Source material: Begin

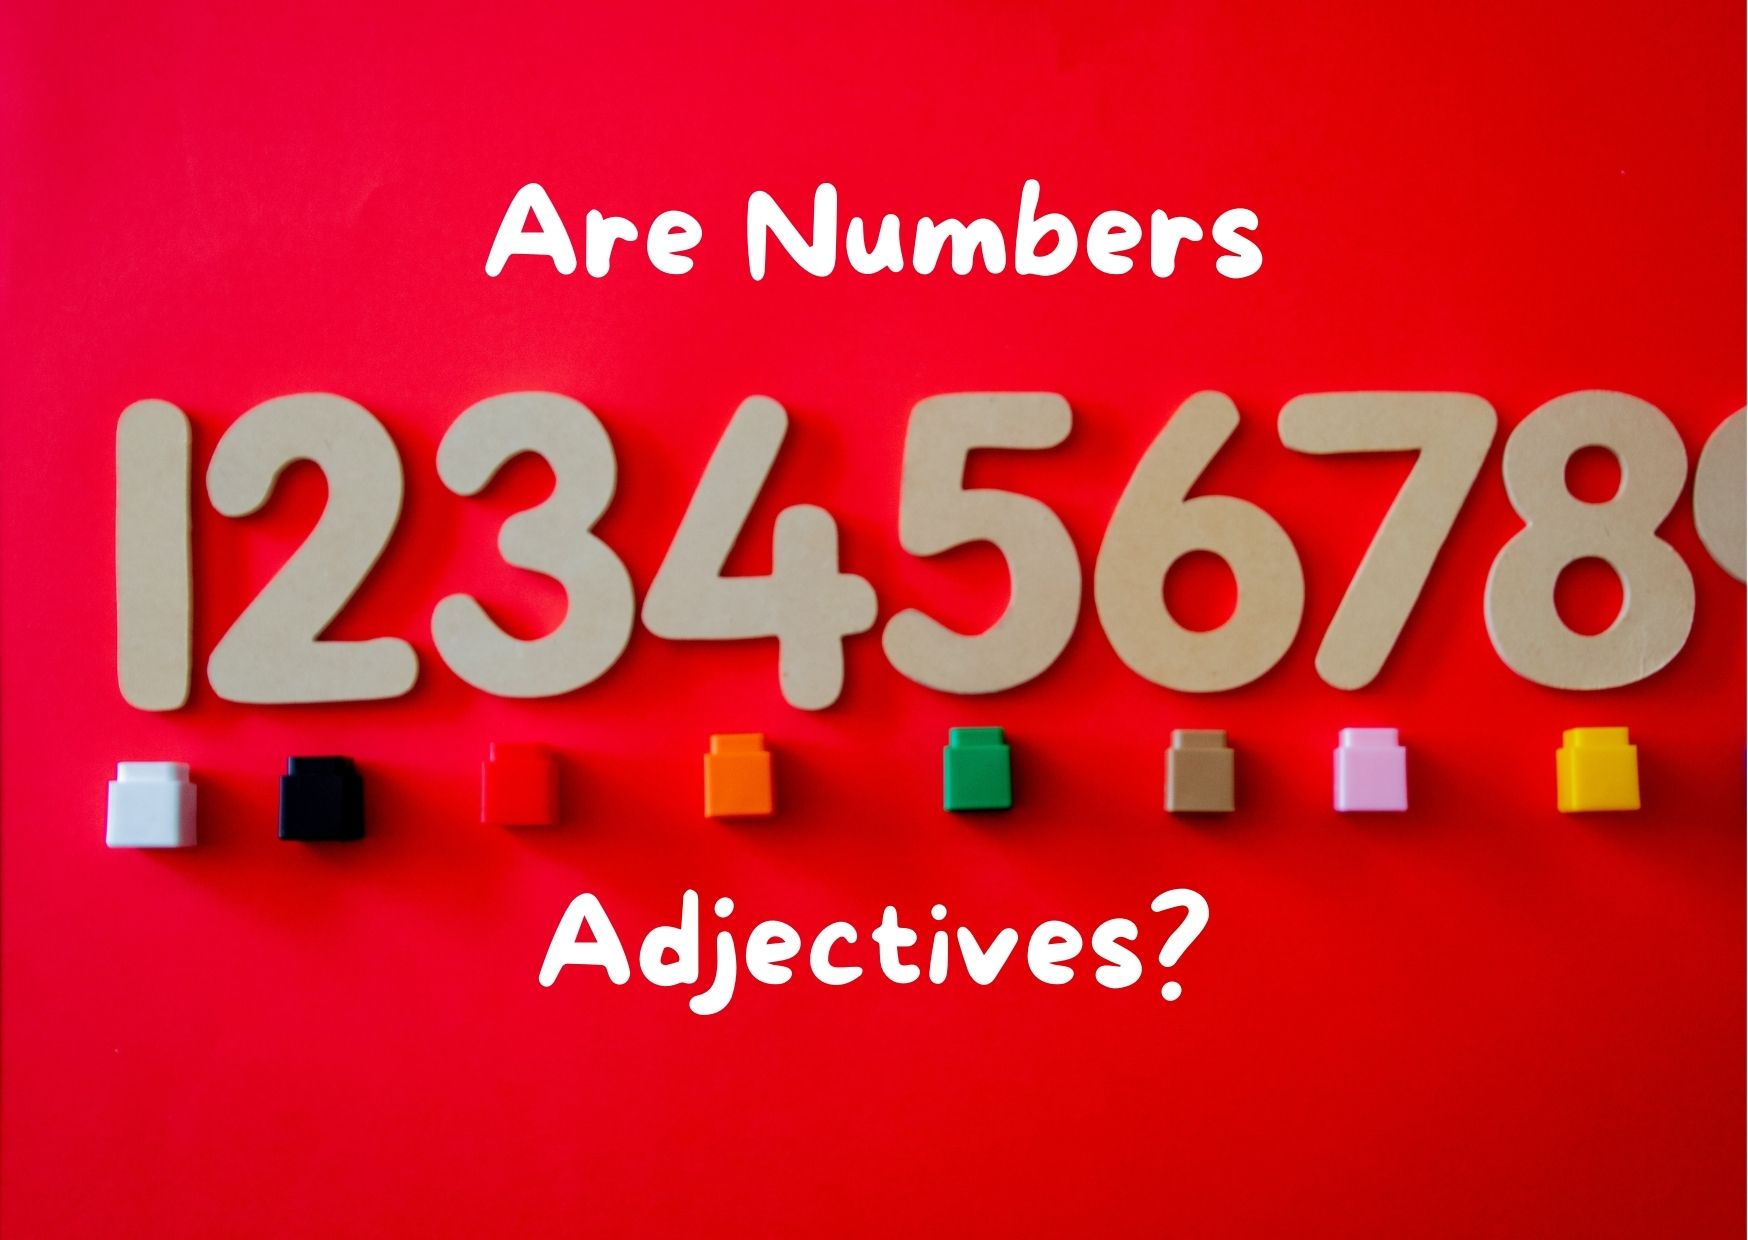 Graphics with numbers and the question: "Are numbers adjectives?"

Source material: End
Source material: Begin

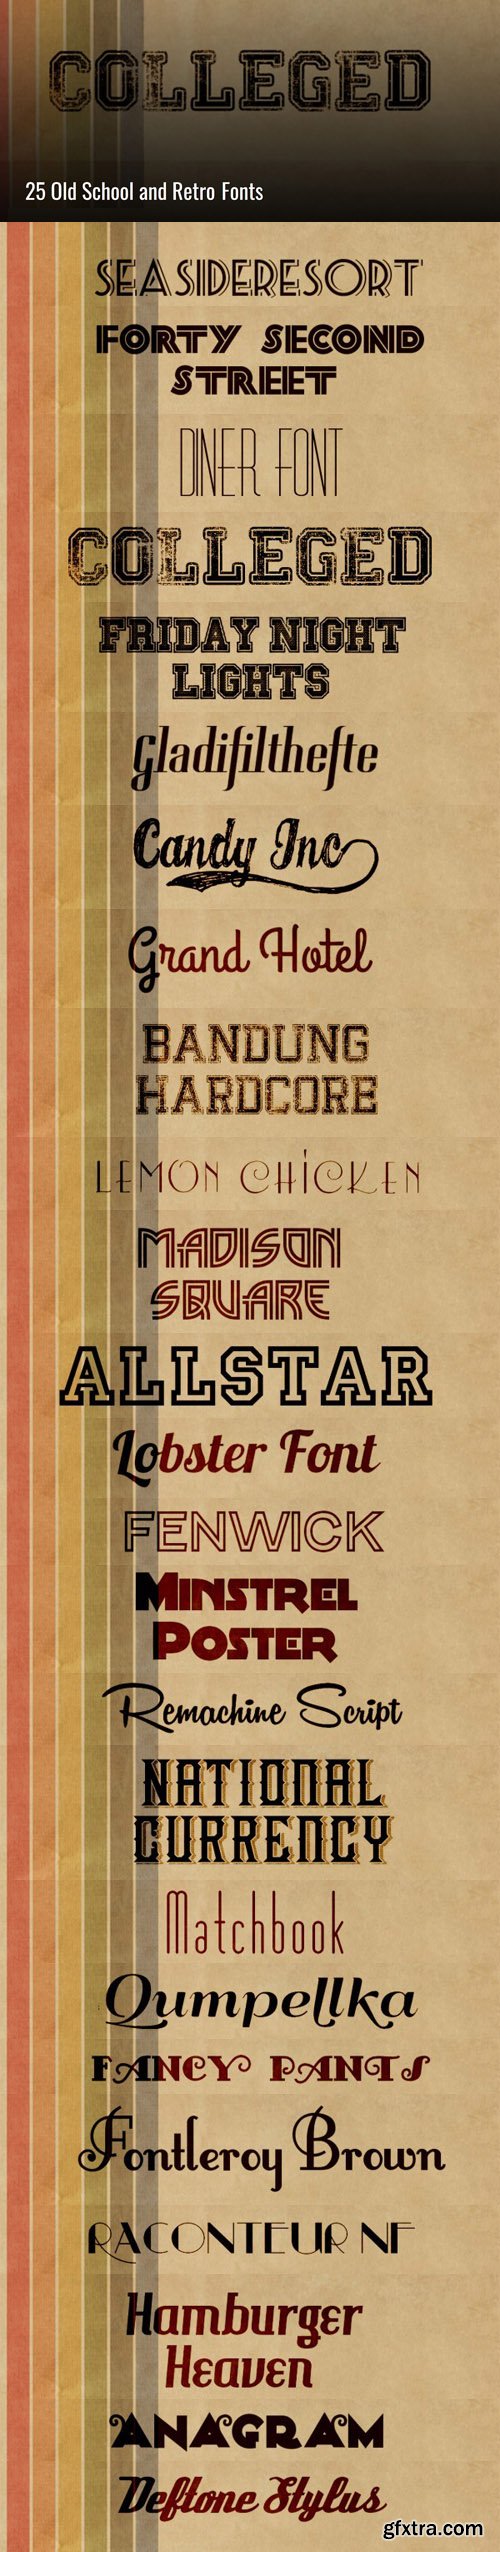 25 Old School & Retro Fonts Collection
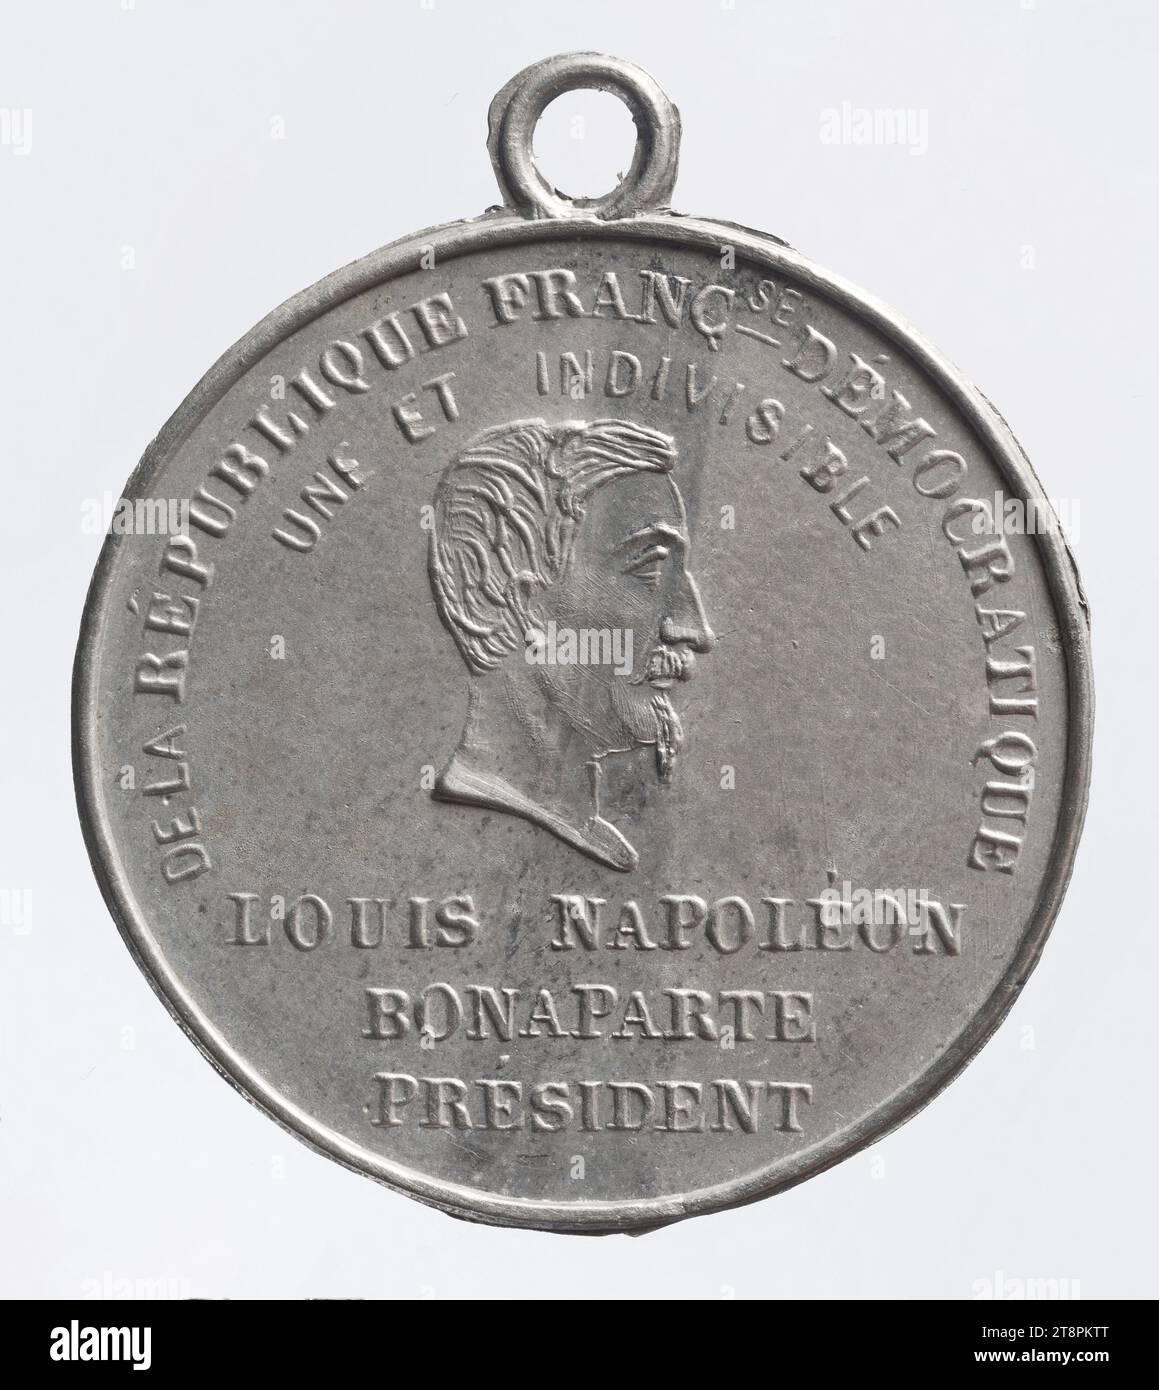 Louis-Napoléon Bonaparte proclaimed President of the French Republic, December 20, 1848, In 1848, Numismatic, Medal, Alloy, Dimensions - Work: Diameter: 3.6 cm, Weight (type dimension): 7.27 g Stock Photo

Source material: End
Source material: Begin

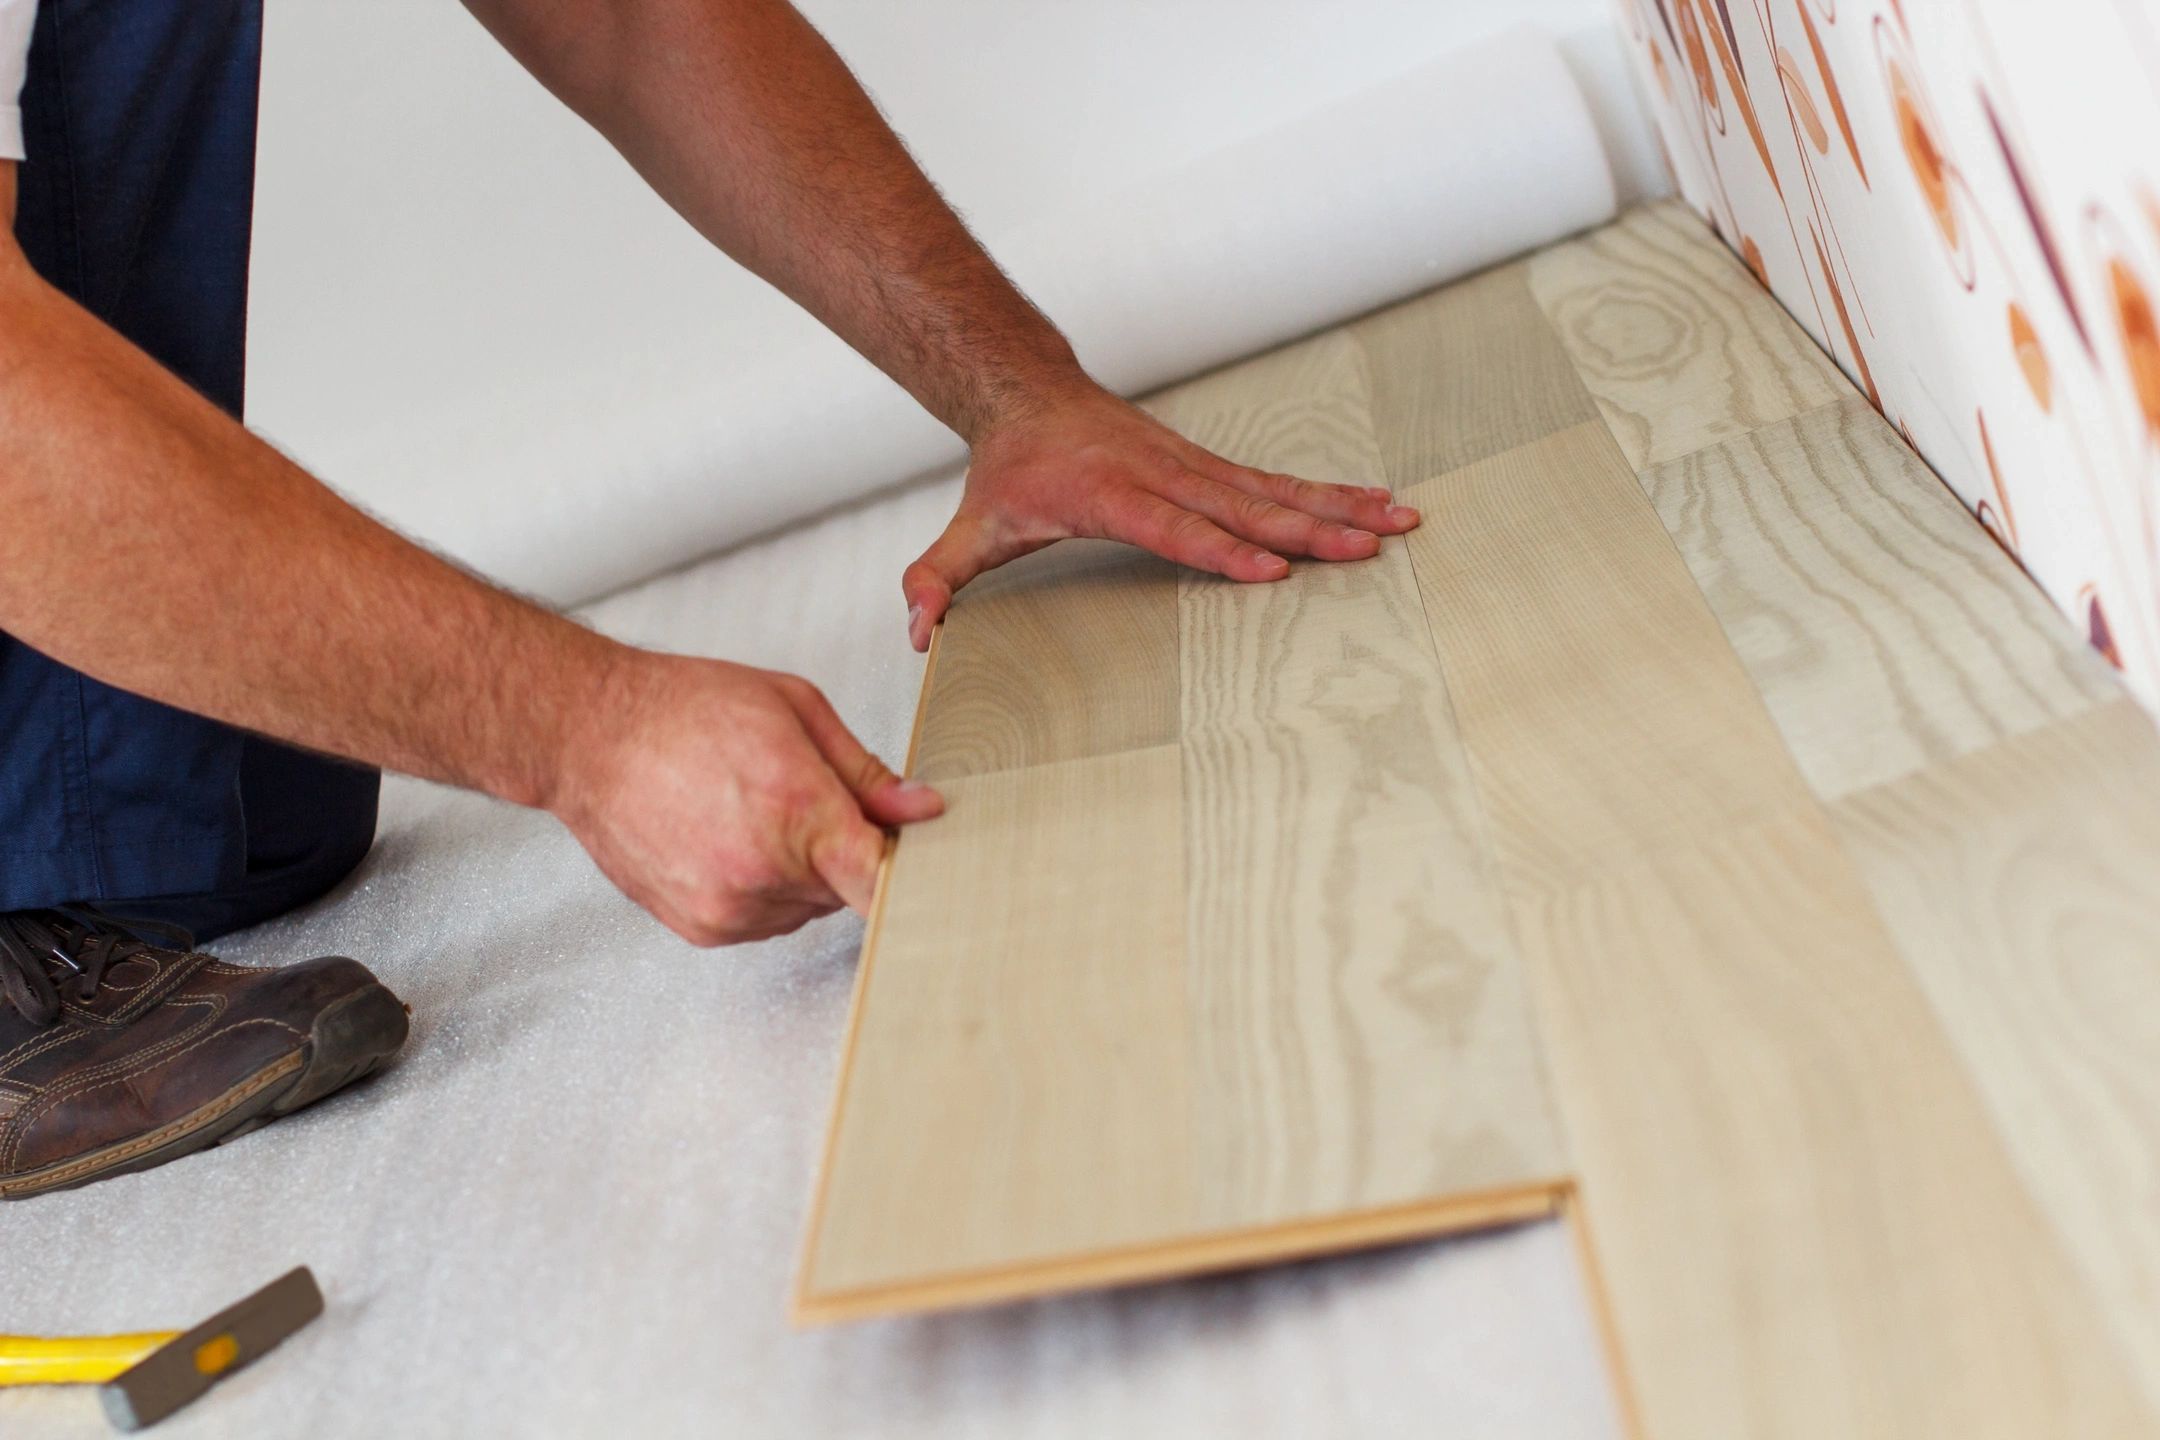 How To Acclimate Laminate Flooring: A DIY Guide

Source material: End

_Assignment_: From the data above, retype only the lines starting with the line with "25 Old School & Retro Fonts Collection" and going on through the line with "Louis-Napoléon Bonaparte proclaimed", exactly, leaving out the pictures.

_Response_:
 25 Old School & Retro Fonts Collection
 Louis-Napoléon Bonaparte proclaimed President of the French Republic, December 20, 1848, In 1848, Numismatic, Medal, Alloy, Dimensions - Work: Diameter: 3.6 cm, Weight (type dimension): 7.27 g Stock Photo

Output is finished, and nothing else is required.